As in Chapter 1, we have a null hypothesis that defines a situation (and model) where all the groups have the same mean. Specifically, the null hypothesis in the general situation with J groups (J≥2) is to have all the true group means equal,

H₀: μ₁ =... = μ_J.

This defines a model where all the groups have the same mean that we can define in terms of a single mean, μ, for the i^th observation from the j^th group as γ_ij = μ + ε_ij. This is not the model that most researchers want to characterize their study as it implies no difference in the groups. There is more caution required to specify the alternative hypothesis with more than two groups. The alternative hypothesis needs to be the logical negation of this null hypothesis of all groups having equal means; to make the null hypothesis false, we only need one group to differ but more than one group could differ from the others. Essentially, there are many ways to "violate" the null hypothesis so we choose some delicate wording for the alternative hypothesis when there are more than 2 groups. Specifically, we state the alternative as

H_A: Not all μ_j are equal

or, in words, at least one of the true means differs among the J groups. You will be attracted to trying to say that all means are different in the alternative but we do not put this strict a requirement in place to reject the null hypothesis.
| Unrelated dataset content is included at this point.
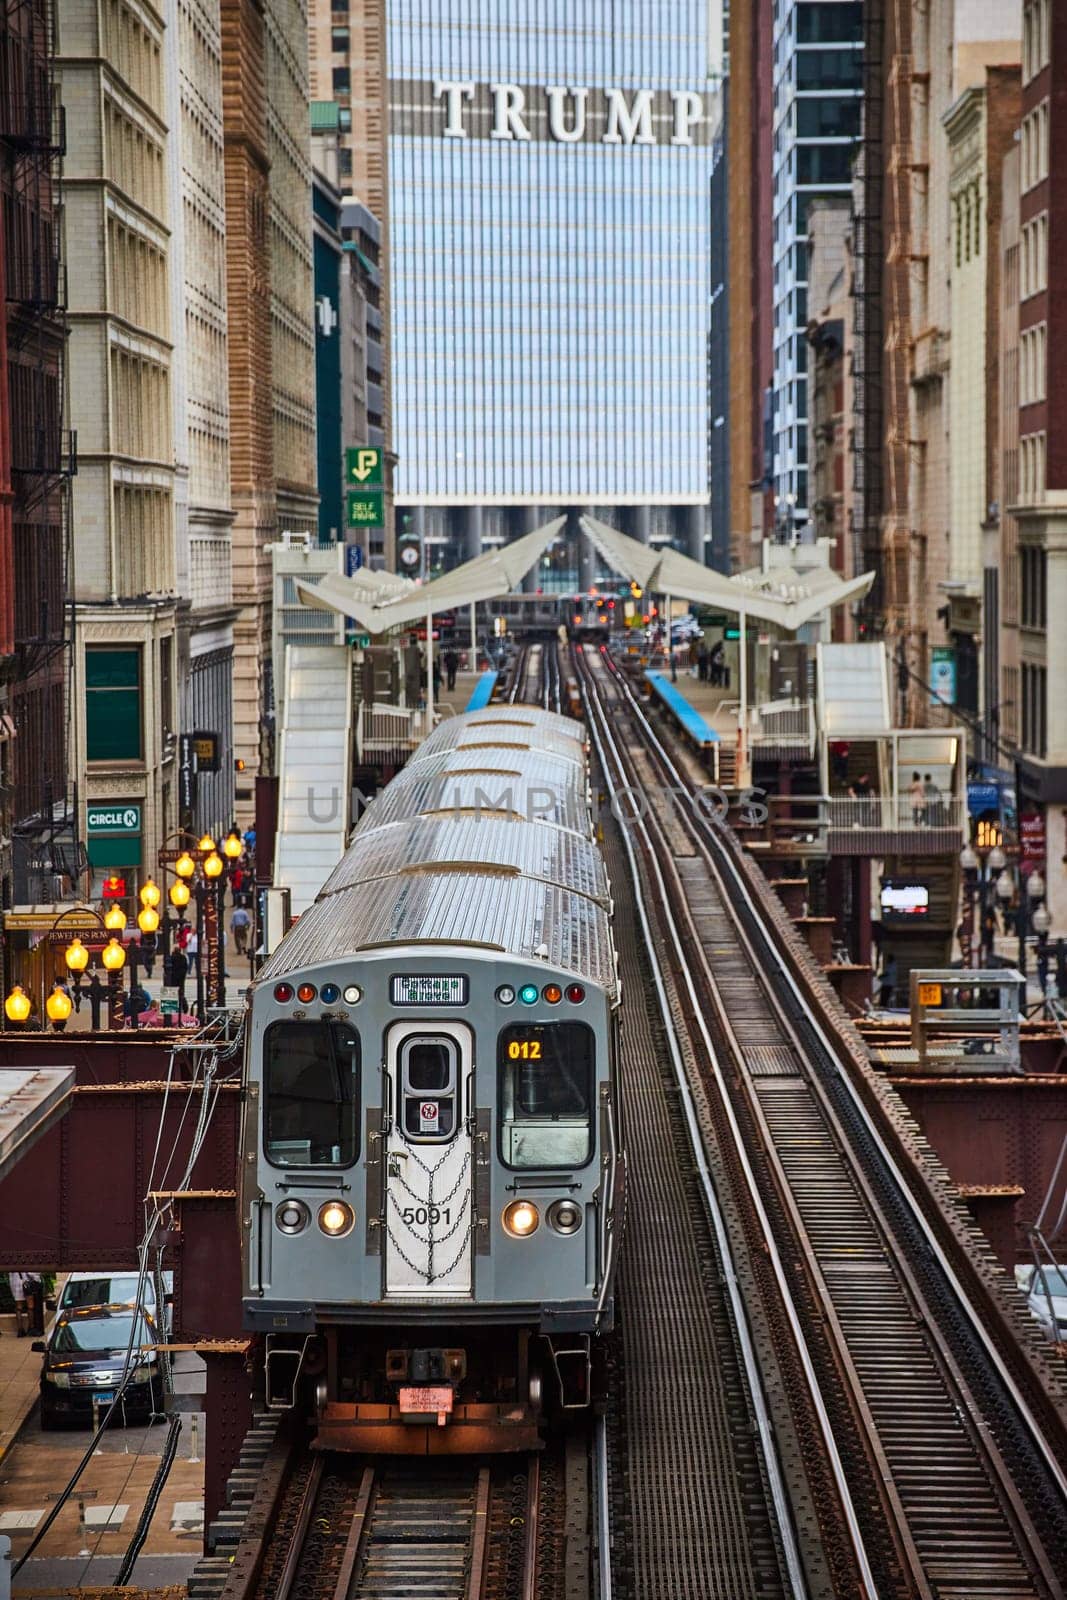 Elevated train traverses through historic downtown Chicago with Trump Tower looming in the backdrop, showcasing urban transportation and architectural contrast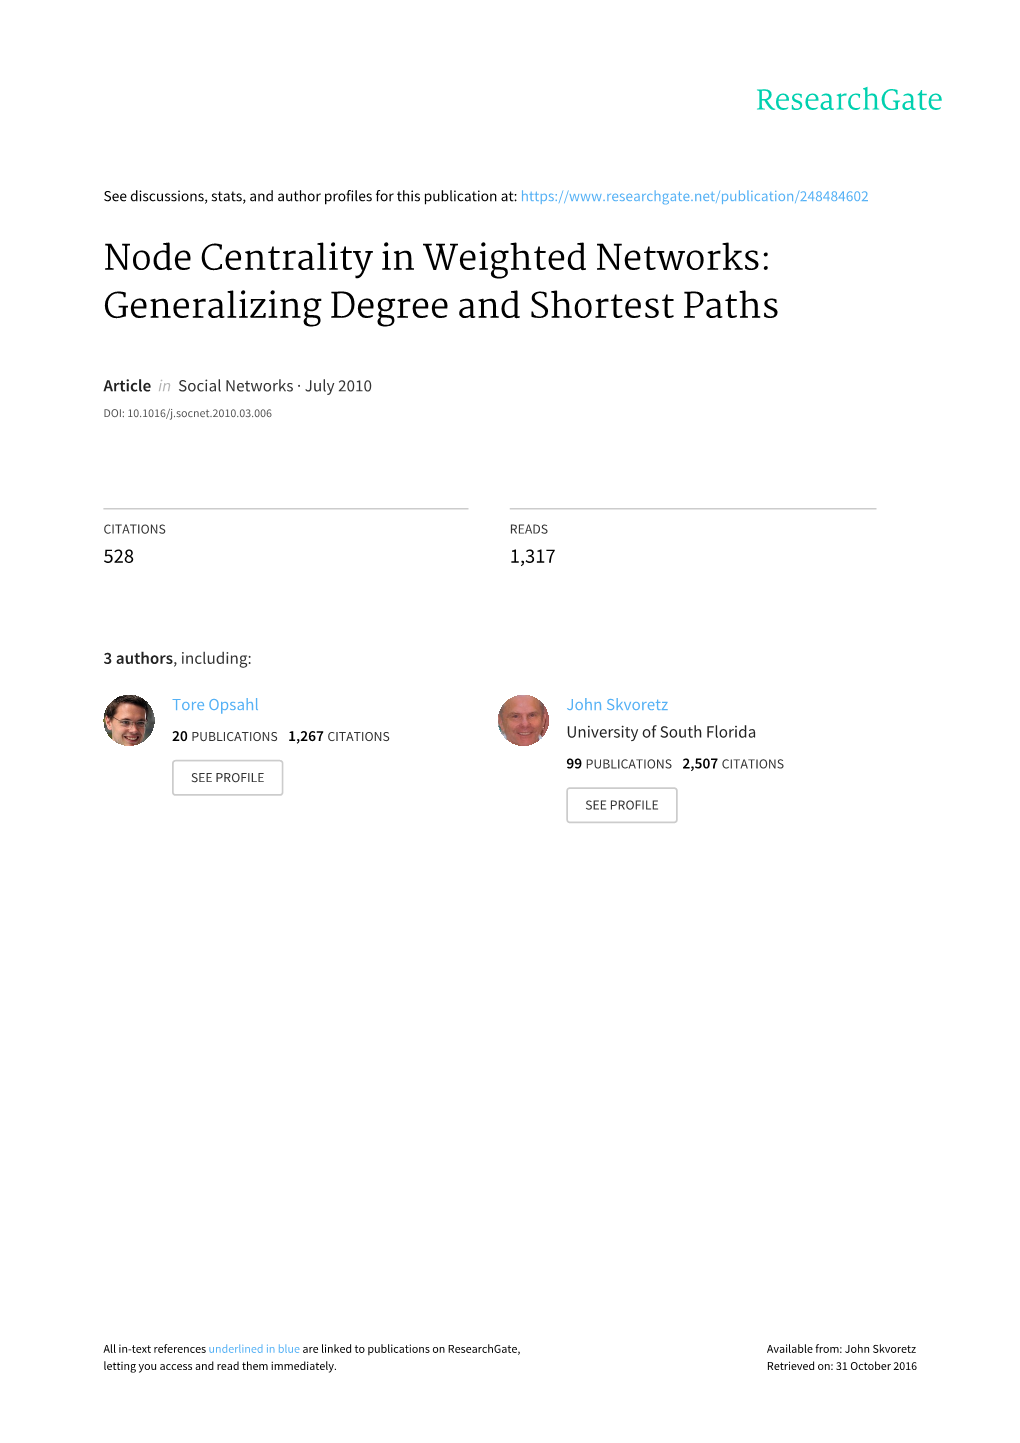 Node Centrality in Weighted Networks: Generalizing Degree and Shortest Paths

The alternative model allows all the true group means to differ but does require that they differ with

γ_ij = μ_j + ε_ij.

This linear model states that the response for the i^th observation in the j^th group, γ_ij, is modeled with a group j (j=1,...,J) population mean, μ_j, and a random error for each subject in each group, ε_ij, that we assume follows a normal distribution and that all the random errors have the same variance, σ². We can write the assumption about the random errors, often called the normality assumption, as ε_ij~N(0,σ²). There is a second way to write out this model that will allow extensions to more complex models discussed below, so we need a name for this version of the model. The model writtern in terms of the μ_j's is called the cell means model and is the easier version of this model to understand.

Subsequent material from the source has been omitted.